Task requirements =
Transcribe all records exactly; omit pictures.

Stored records =
════════════════

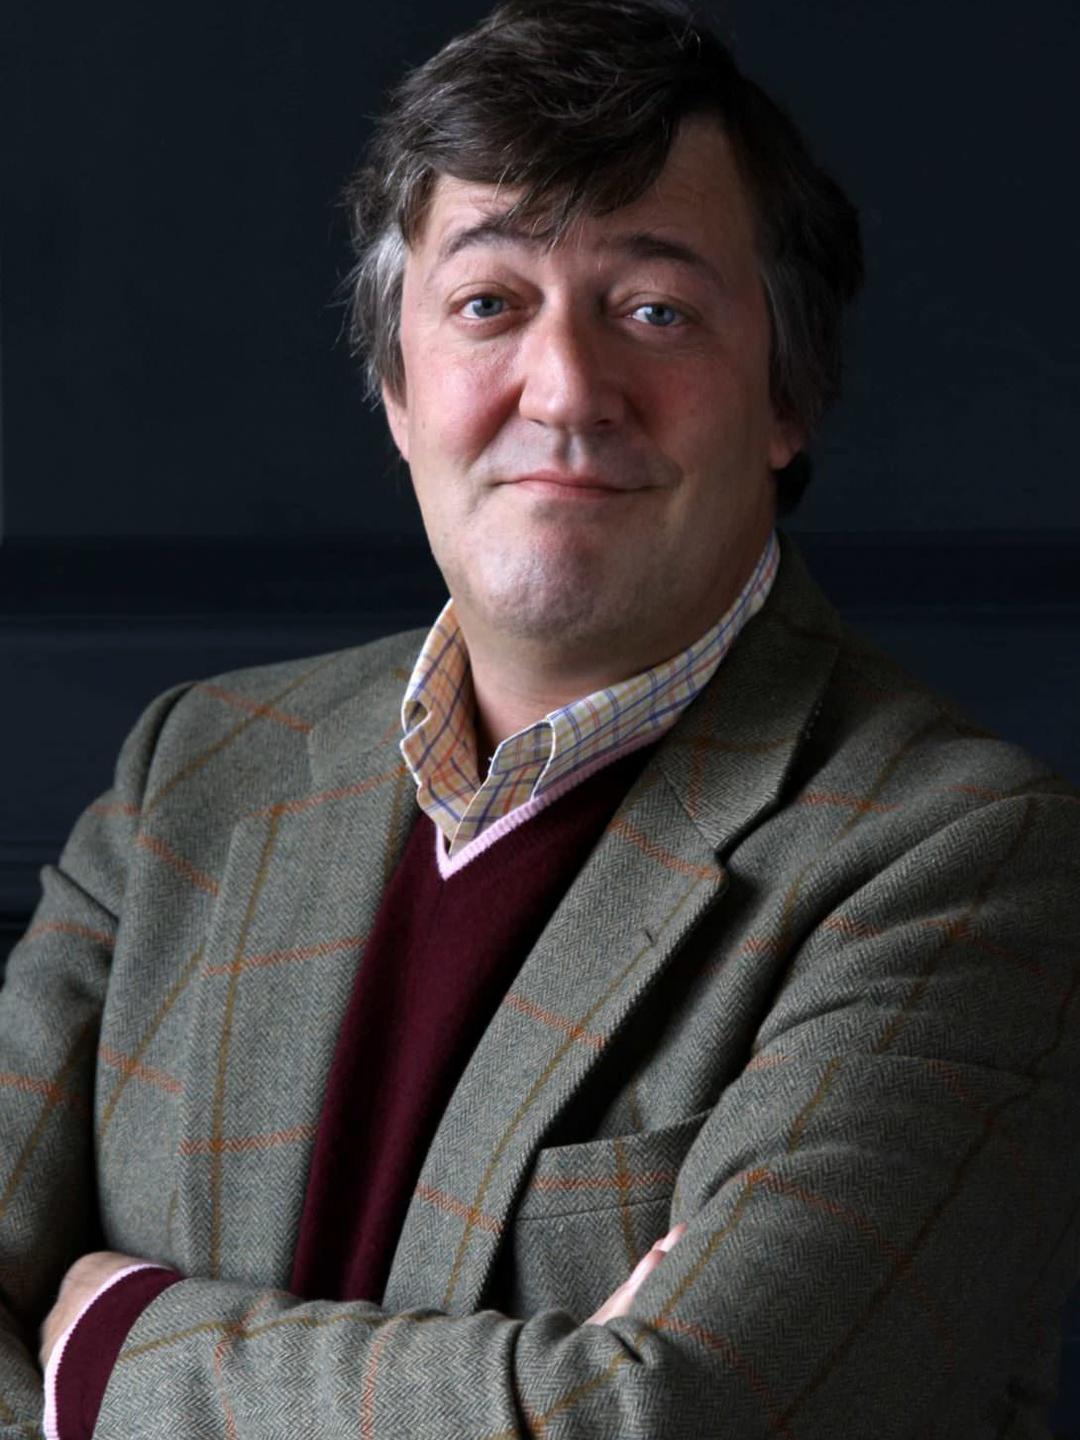 Stephen Fry young photos
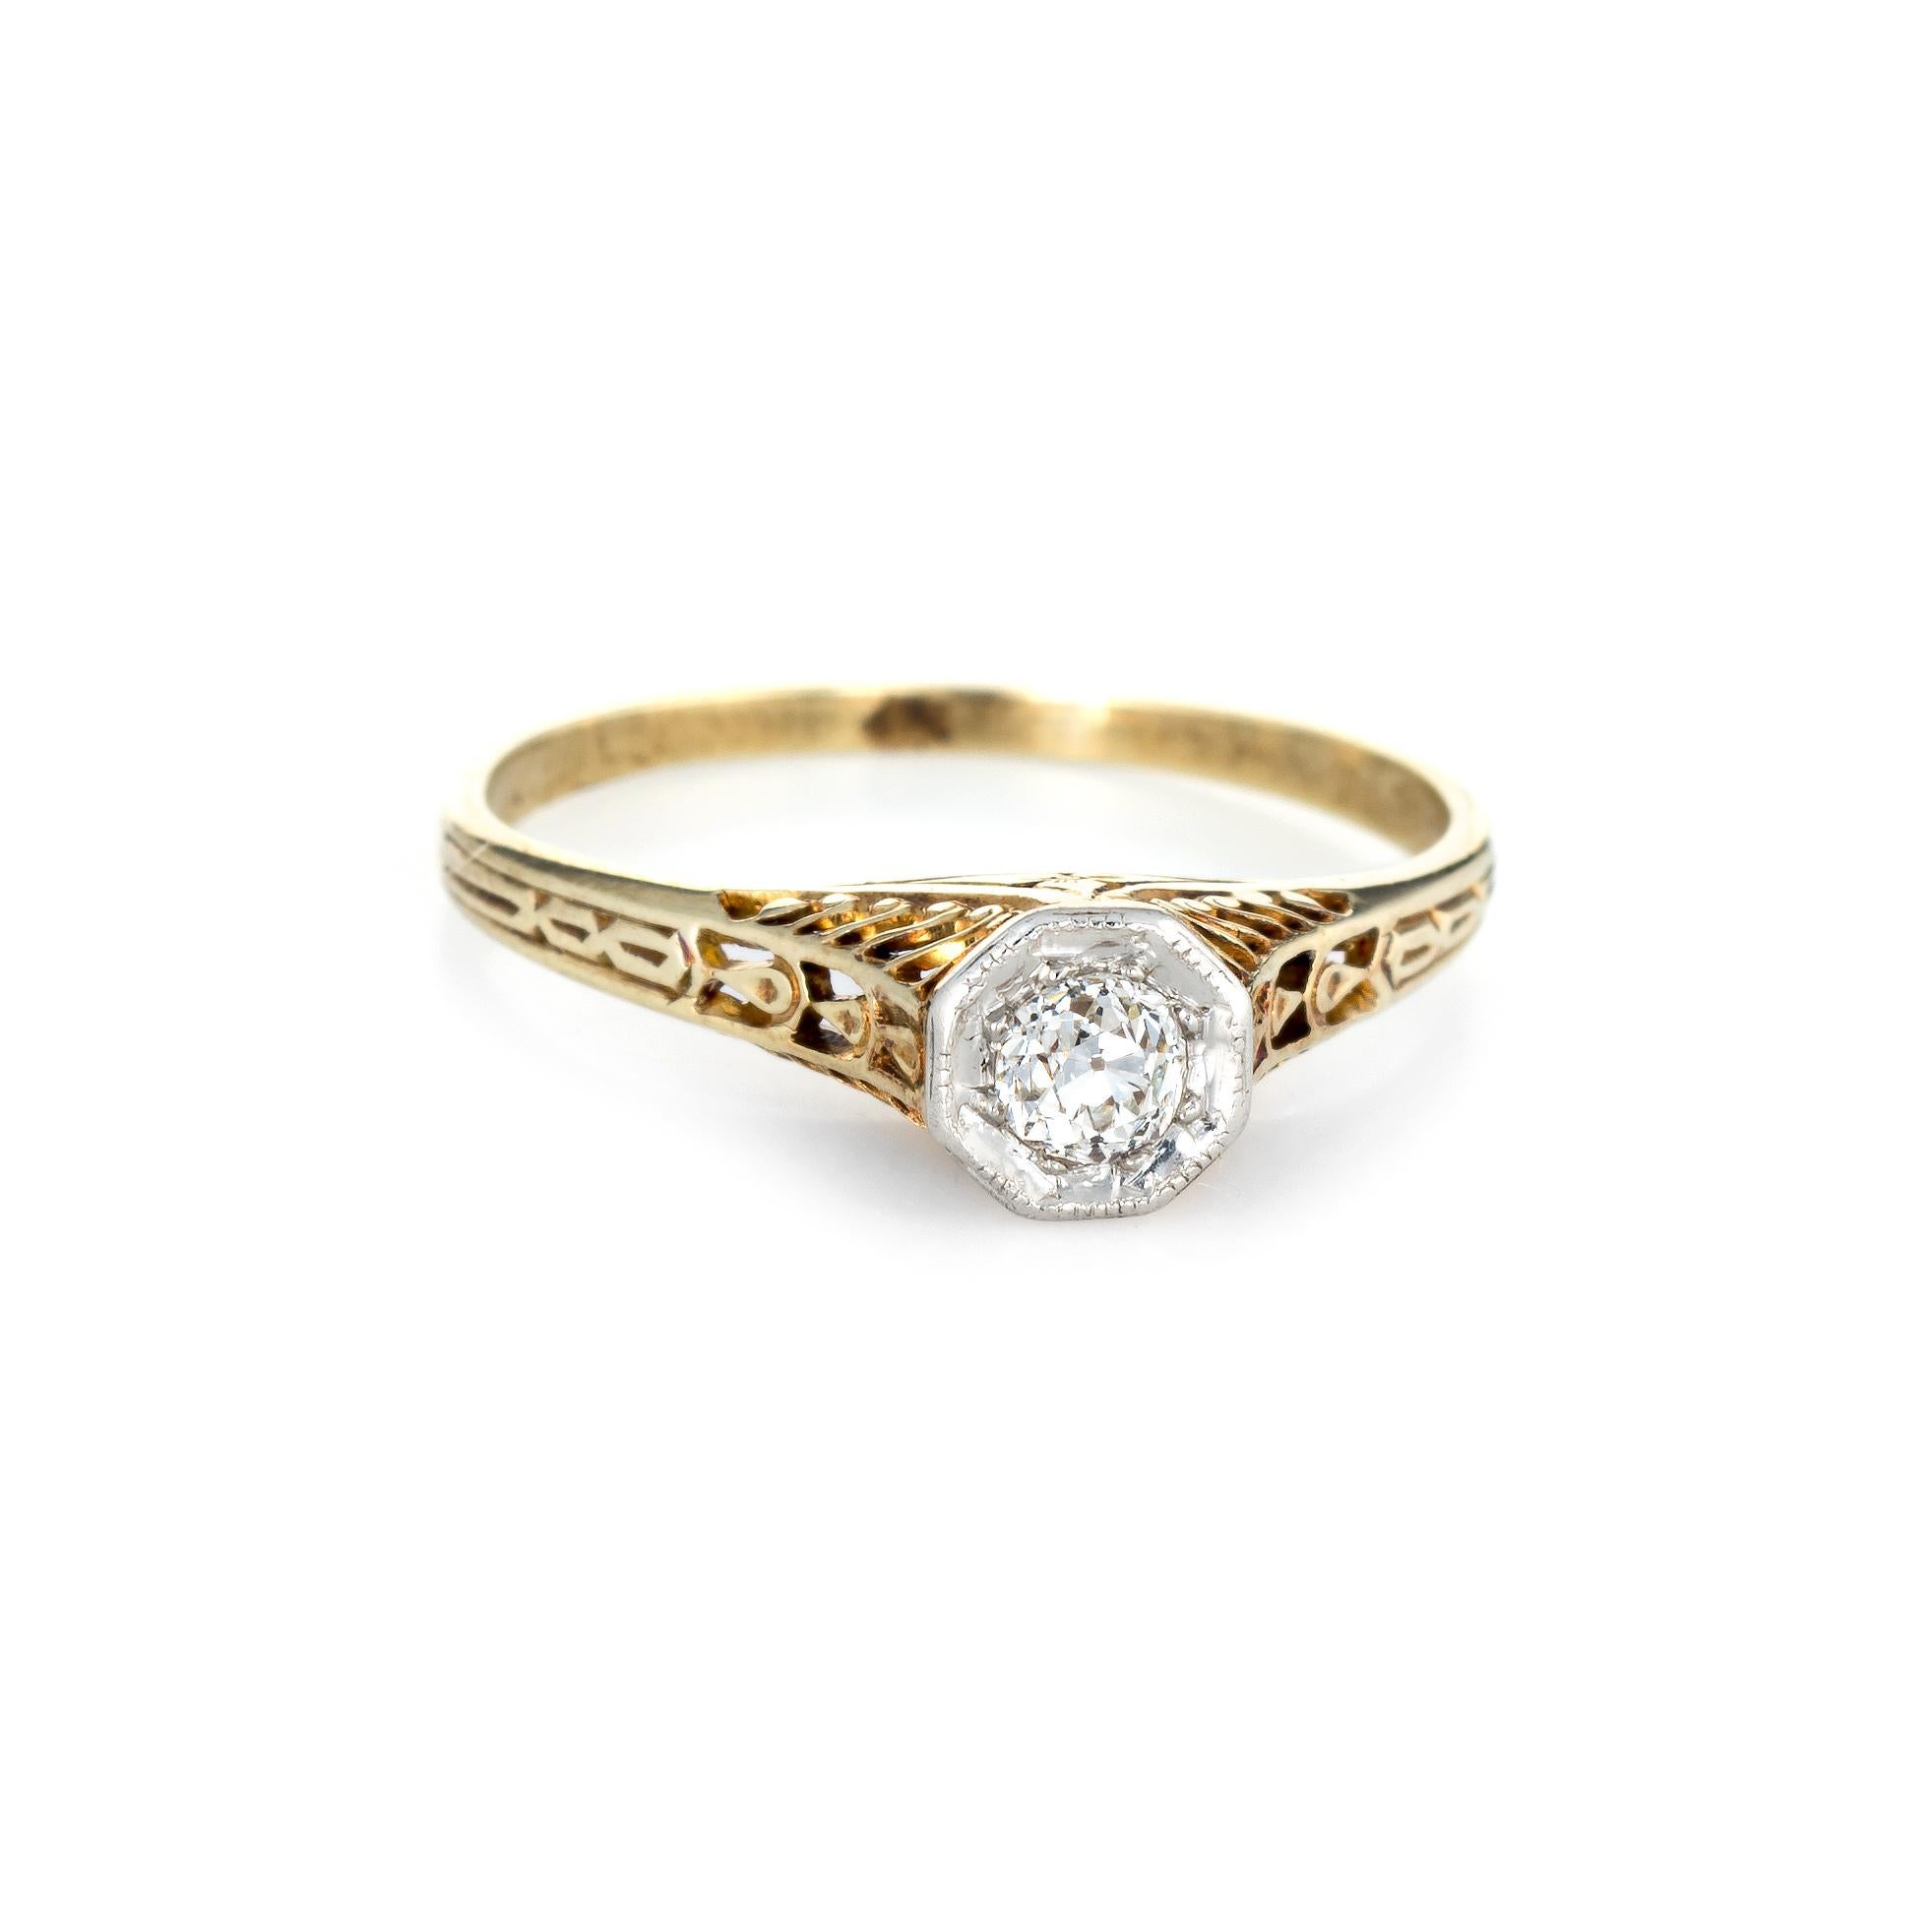 Finely detailed vintage Art Deco era ring (circa 1920s to 1930s) crafted in 14 karat yellow gold. 

Centrally mounted estimated 0.15 carat old mine cut diamond is estimated at I-J color and SI1-2 clarity. 

The ring features scrolled foliate detail
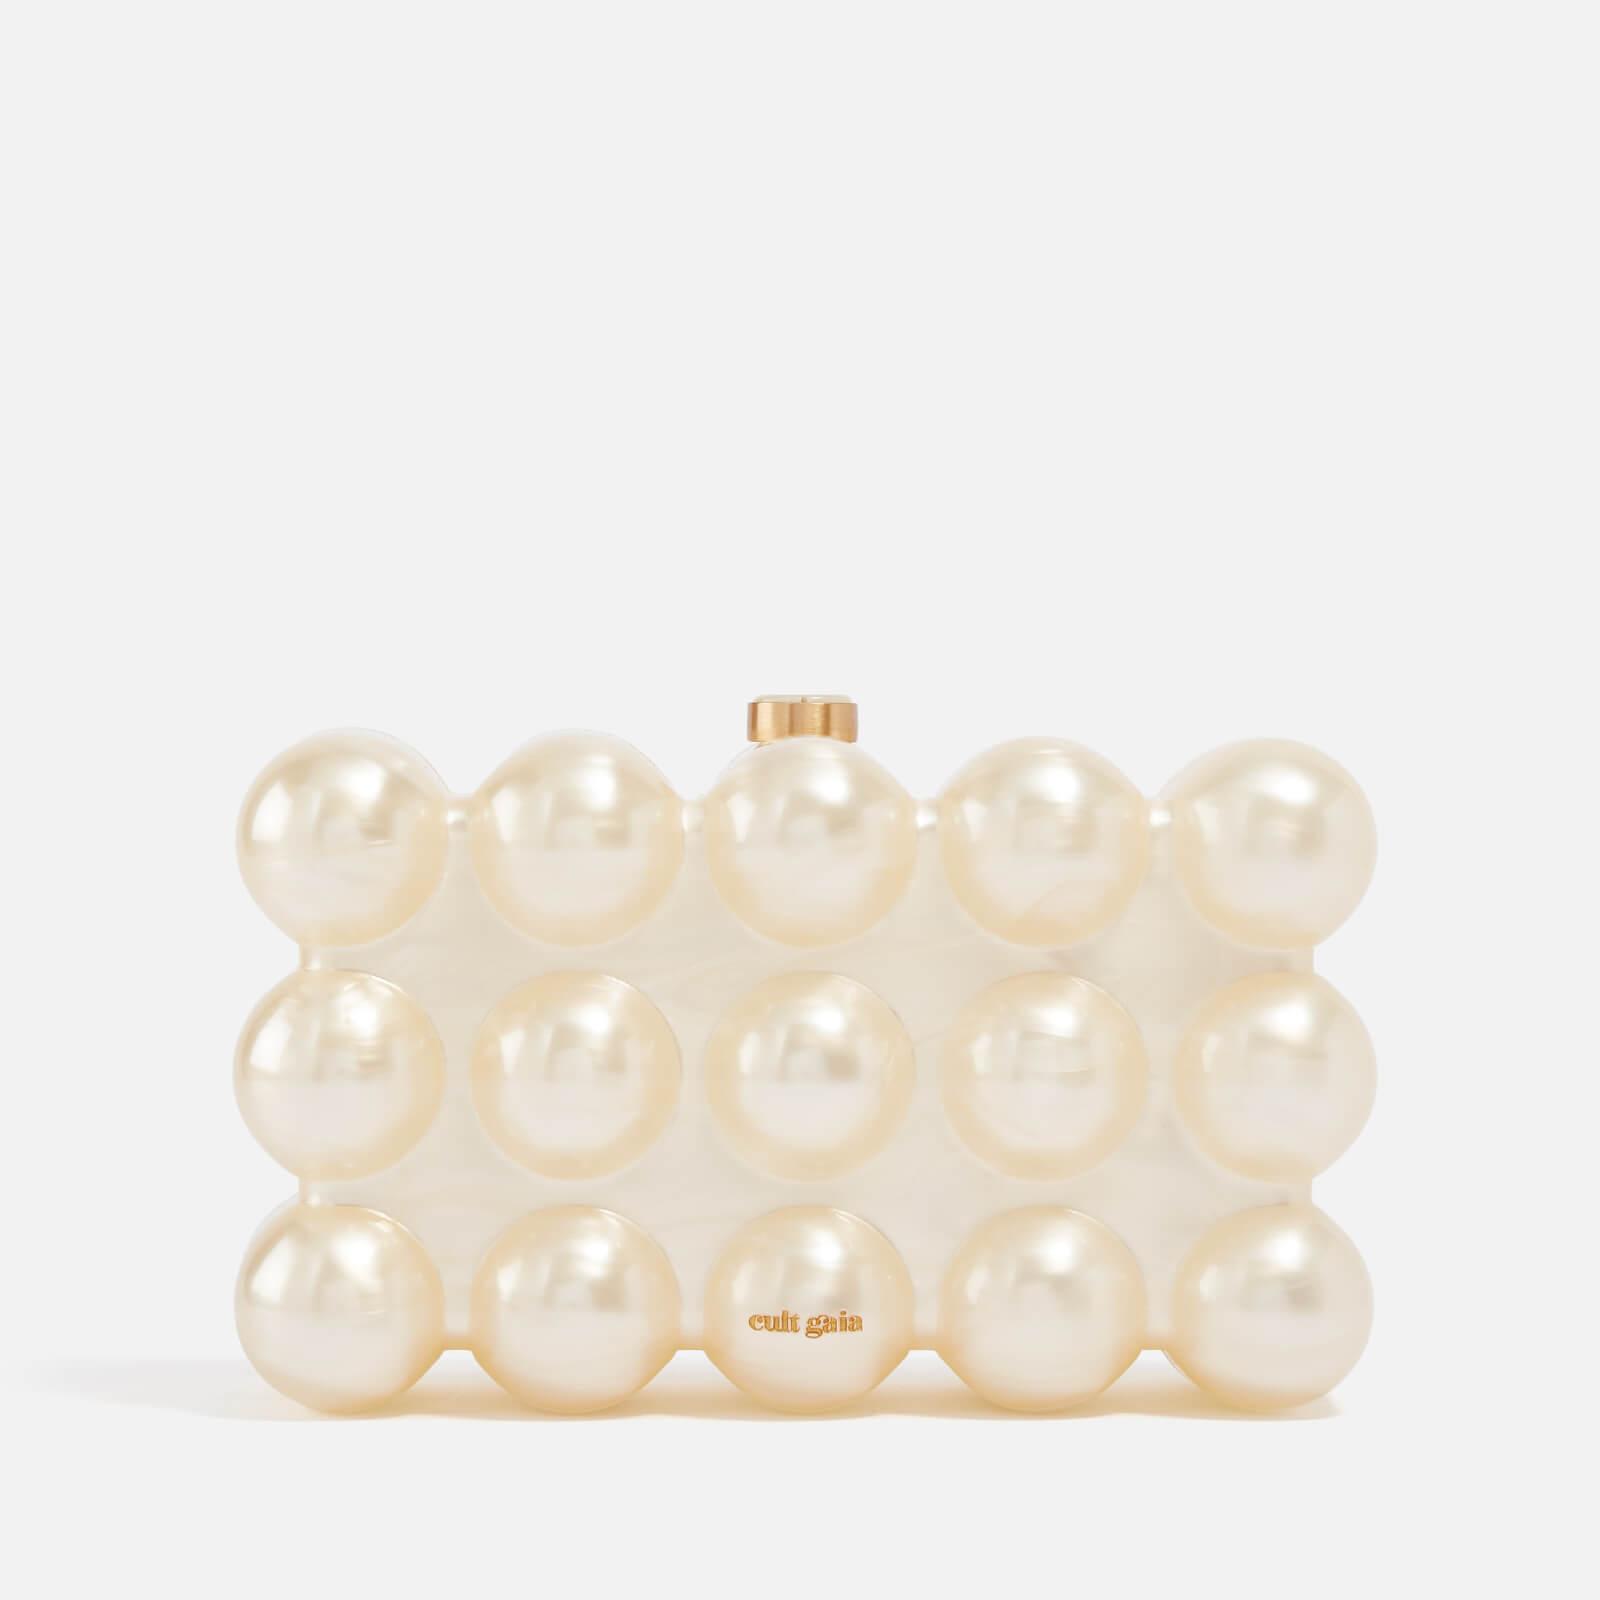 Cult Gaia The Bubble Acrylic Clutch Bag in Natural | Lyst UK

════════════════

Solution to this problem =
 Stephen Fry young photos
 Finely detailed vintage Art Deco era ring (circa 1920s to 1930s) crafted in 14 karat yellow gold. 

Centrally mounted estimated 0.15 carat old mine cut diamond is estimated at I-J color and SI1-2 clarity. 

The ring features scrolled foliate detail
 Cult Gaia The Bubble Acrylic Clutch Bag in Natural | Lyst UK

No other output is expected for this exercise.